Kantonsfinanzen: Kein Grund zur Euphorie

1 Medienmitteilung
Kantonsfinanzen: Kein Grund
zur Euphorie
Die Erfolgsrechnung des Kantons St.Gallen schliesst mit einem operativen
Überschuss von 107,8 Mio. Franken um rund 183 Mio. Franken besser ab als
budgetiert. Diese erfreulichen Zahlen wohnt die Gefahr inne, dass sie den
Blick auf die finanzpolitischen Realitäten im Kanton verstellen: Der aktuelle
Überschuss ist primär auf glückliche Umstände zurückzuführen. Mittelfristig
hat St.Gallen nach wie vor ein Ausgabenproblem. Zu Euphorie respektive
­finanziellen Experimenten besteht daher kein Anlass.
Die heute vom Kanton präsentierte Erfolgsrechnung für das Jahr 2015 mit einem Ertragsüberschuss von 154,5 Mio. Franken erscheint auf den ersten Blick wie ein üppig gefülltes Osternest.
Nach Ausklammerung der Bezüge aus dem freien und besonderen Eigenkapital sowie der ausserordentlichen Positionen resultiert ein operativer Überschuss von 107,8 Mio. Franken.
Einmalige Effekte
Bei genauerer Betrachtung der Zahlen zeigt sich indes ein viel nüchternes Bild. So ist der bessere Rechungsabschluss in erster Linie auf die nicht budgetierte Gewinnausschüttung der
Schweizerischen Nationalbank (SNB) von 80,7 Mio. Franken zurückzuführen. Ebenso nahm
der Kanton aus den Kantonssteuern und den Anteilen der direkten Bundessteuern rund
38 Mio. Franken mehr ein.
Glückliche Umstände und nicht die erfolgreiche Reduktion der Ausgaben haben dem Kanton
somit das gute Ergebnis beschert. 2015 ist der Gesamtaufwand des Kantons um fast 100 Mio.
Franken (2,2 Prozent) gestiegen, während das Bruttoinlandprodukt real um 0,9 Prozent gewachsen ist. Die Staatsquote im Kantons St.Gallen steigt somit weiter an.
An der grundlegenden Einschätzung der FDP zu den finanziellen Perspektiven des Kantons
ändert der Rechnungsabschluss daher nichts. Auf dem Weg zur angestrebten Sanierung des
Staatshauhalts bewegt sich der Kanton St.Gallen nach wie vor auf sehr dünnem Eis. Trotz der
in der Vergangenheit getroffenen Massnahmen bleibt für finanzielle Abenteuer – etwa übereilte Forderungen nach Steuersenkungen – respektive für kostspielige Klientelpolitik kein Platz.
Dies belegt auch der von der Regierung im Januar 2016 präsentierte Aufgaben- und Finanzplan (AFP) für die Jahre 2017 bis 2019. Im laufenden Jahr sowie in den Jahren 2018 und 2019
rechnet die Regierung mit Defiziten im mittleren zweistelligen Millionenbereich.

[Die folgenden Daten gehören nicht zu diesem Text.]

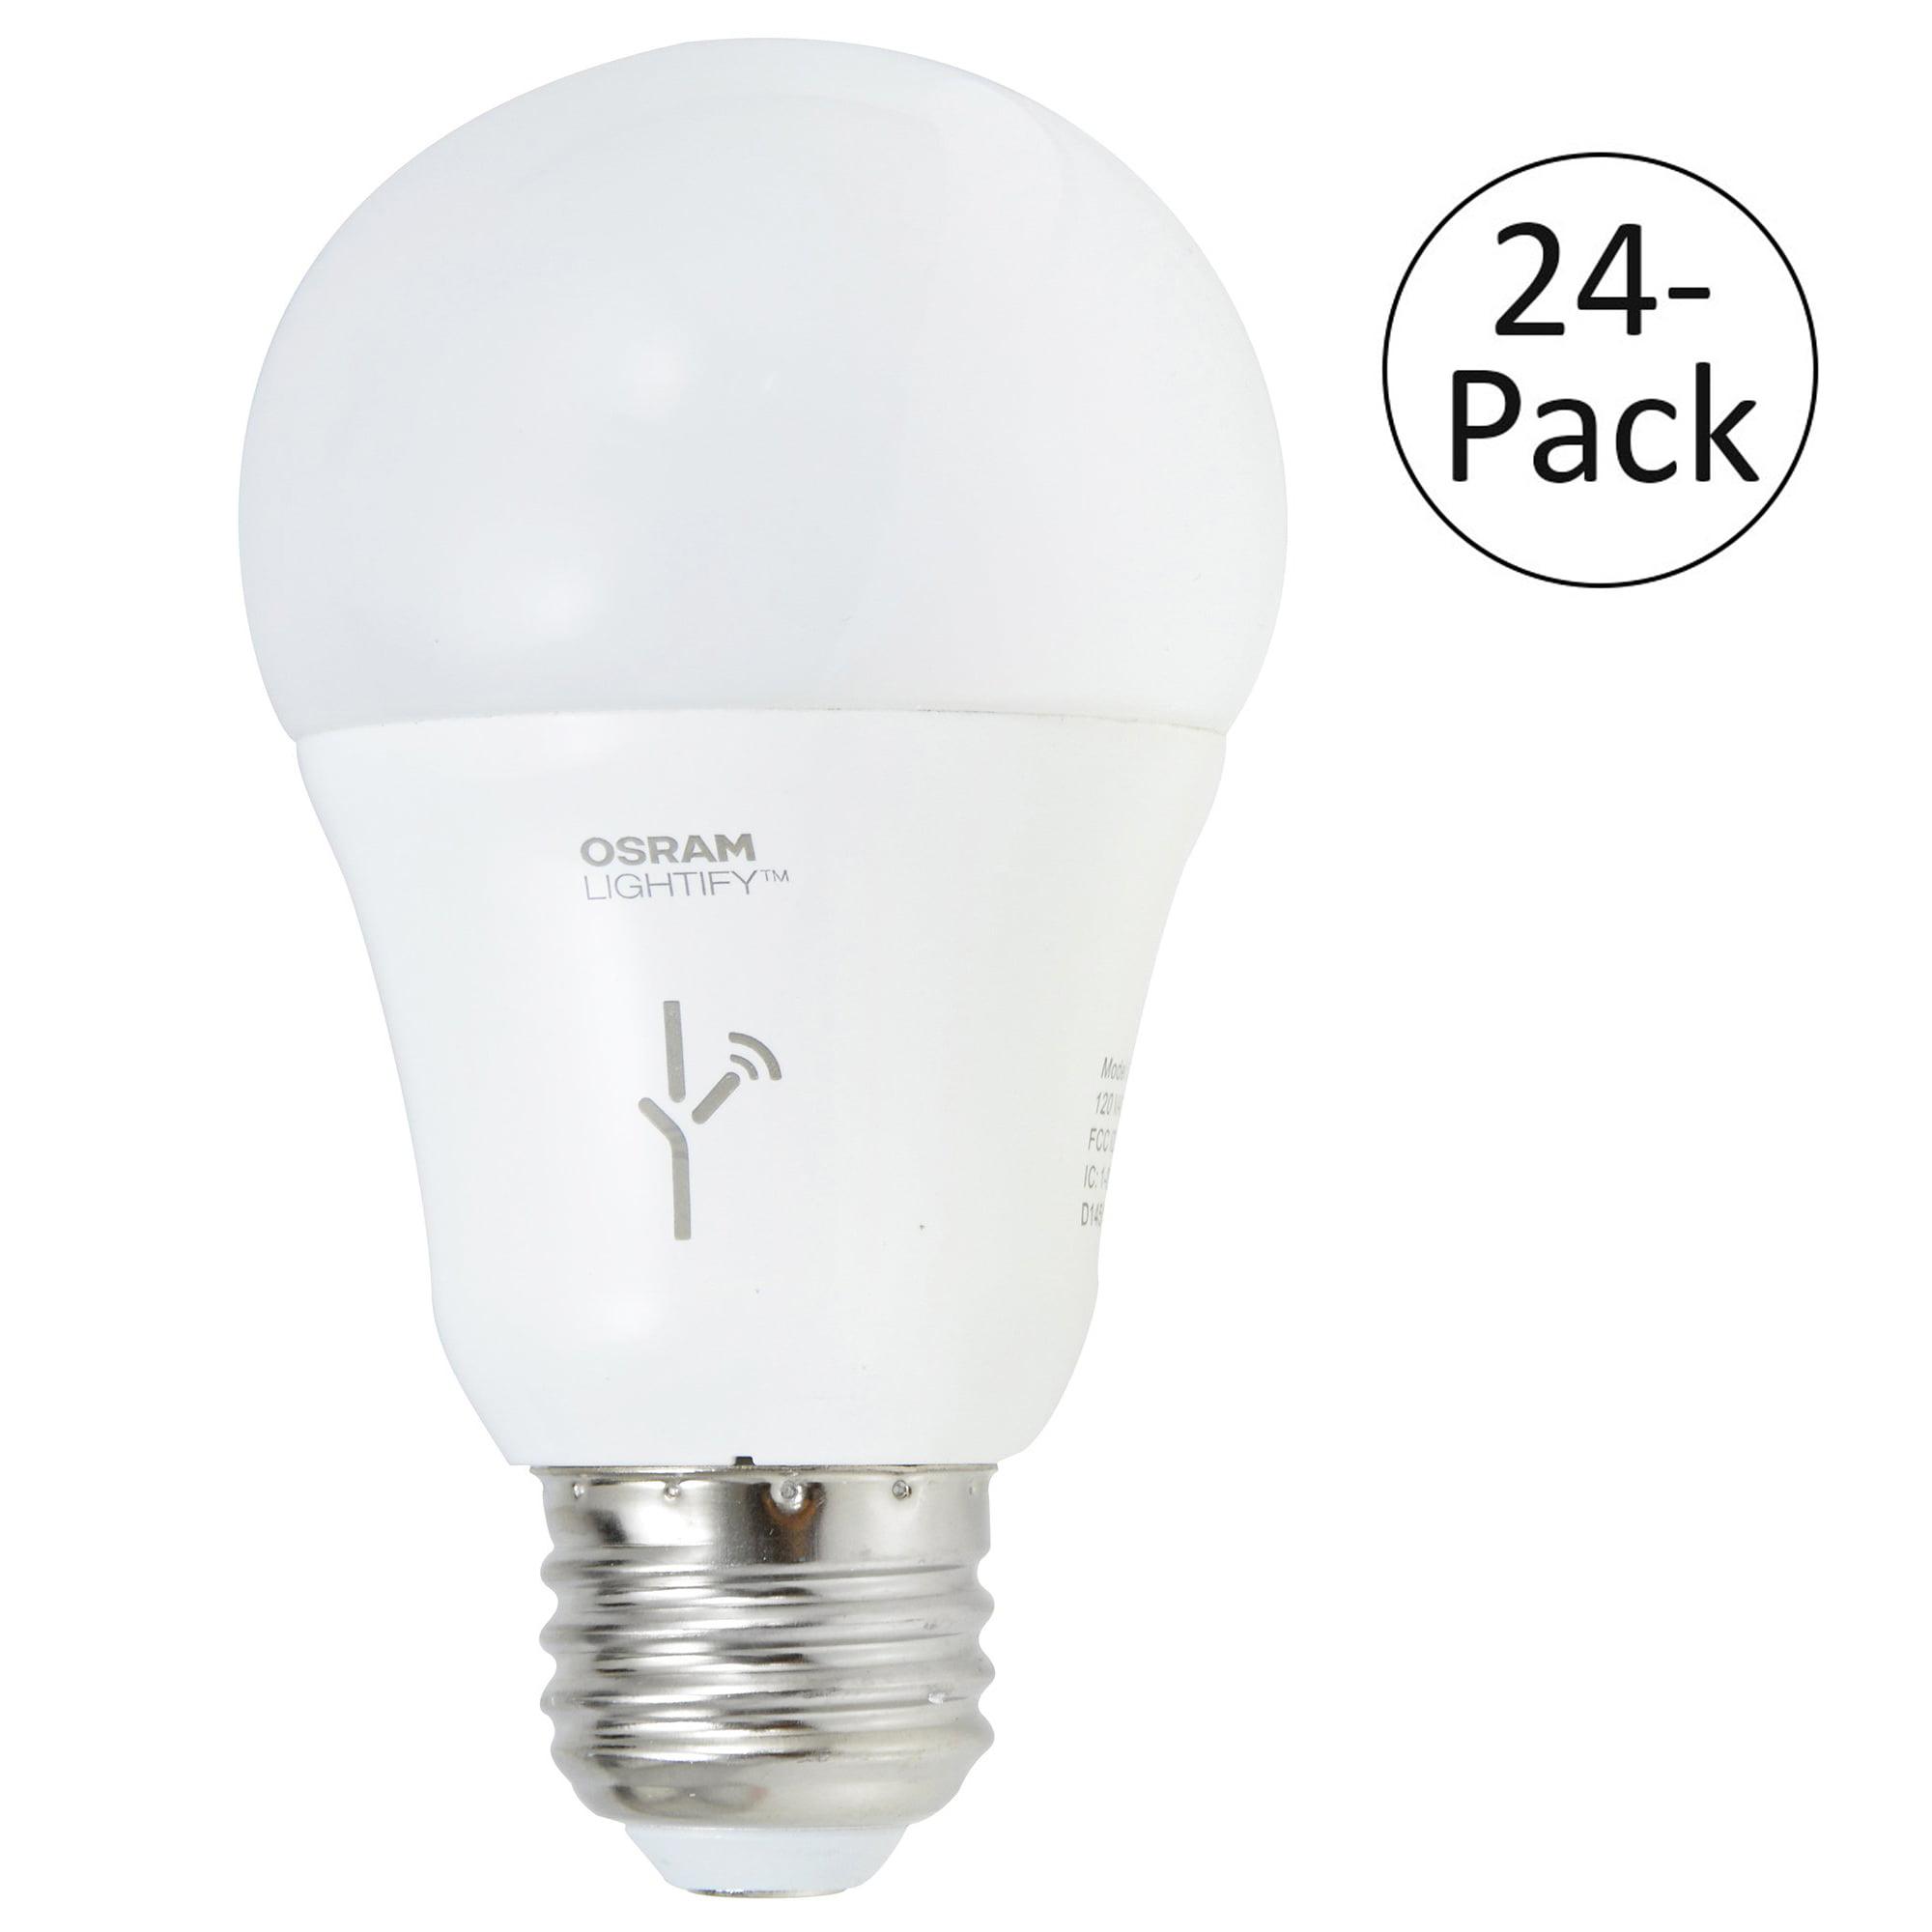 Sylvania Lightify 60-Watt A19 Tunable White Smart Home LE...

Gang der Wirtschaft ist entscheidend
Mittelfristig wird der finanzielle Horizont des Kantons massgeblich durch den Gang der Wirtschaft bestimmt. Sollte das Wirtschaftswachstum in den nächsten Jahren geringer ausfallen
als im errechneten Szenario, das der Kanton im AFP zugrunde gelegt hat, wird dies unweigerlich einen direkten Einfluss auf die Steuereinnahmen des Kantons haben. Die finanziellen
­Unwägbarkeiten bei der Umsetzung der Unternehmenssteuerreform III (Bund) und der
­Sanierung der Pensionskasse für das Staatspersonal (Kanton) machen exakte Voraussagen
­unmöglich.
2 Medienmitteilung
Eigenkapital äufnen
Nach wie vor verfügt der Kanton St.Gallen dank seines Eigenkapitals über einen Puffer, mit
dem Defizite in der laufenden Rechnung geglättet werden können. Um den daraus resultierenden finanziellen Spielraum auf längere Sicht erhalten respektive stärken zu können, ist es sehr
wichtig, den Bestand des Eigenkapitals langfristig zu stabilisieren. Folgerichtig begrüsst die
FDP den Vorschlag der Regierung, den ausgewiesenen Erfolgsüberschuss vollständig zur
­Äufnung des freien Eigenkapitals – die erste seit dem Jahr 2009 – zu verwenden.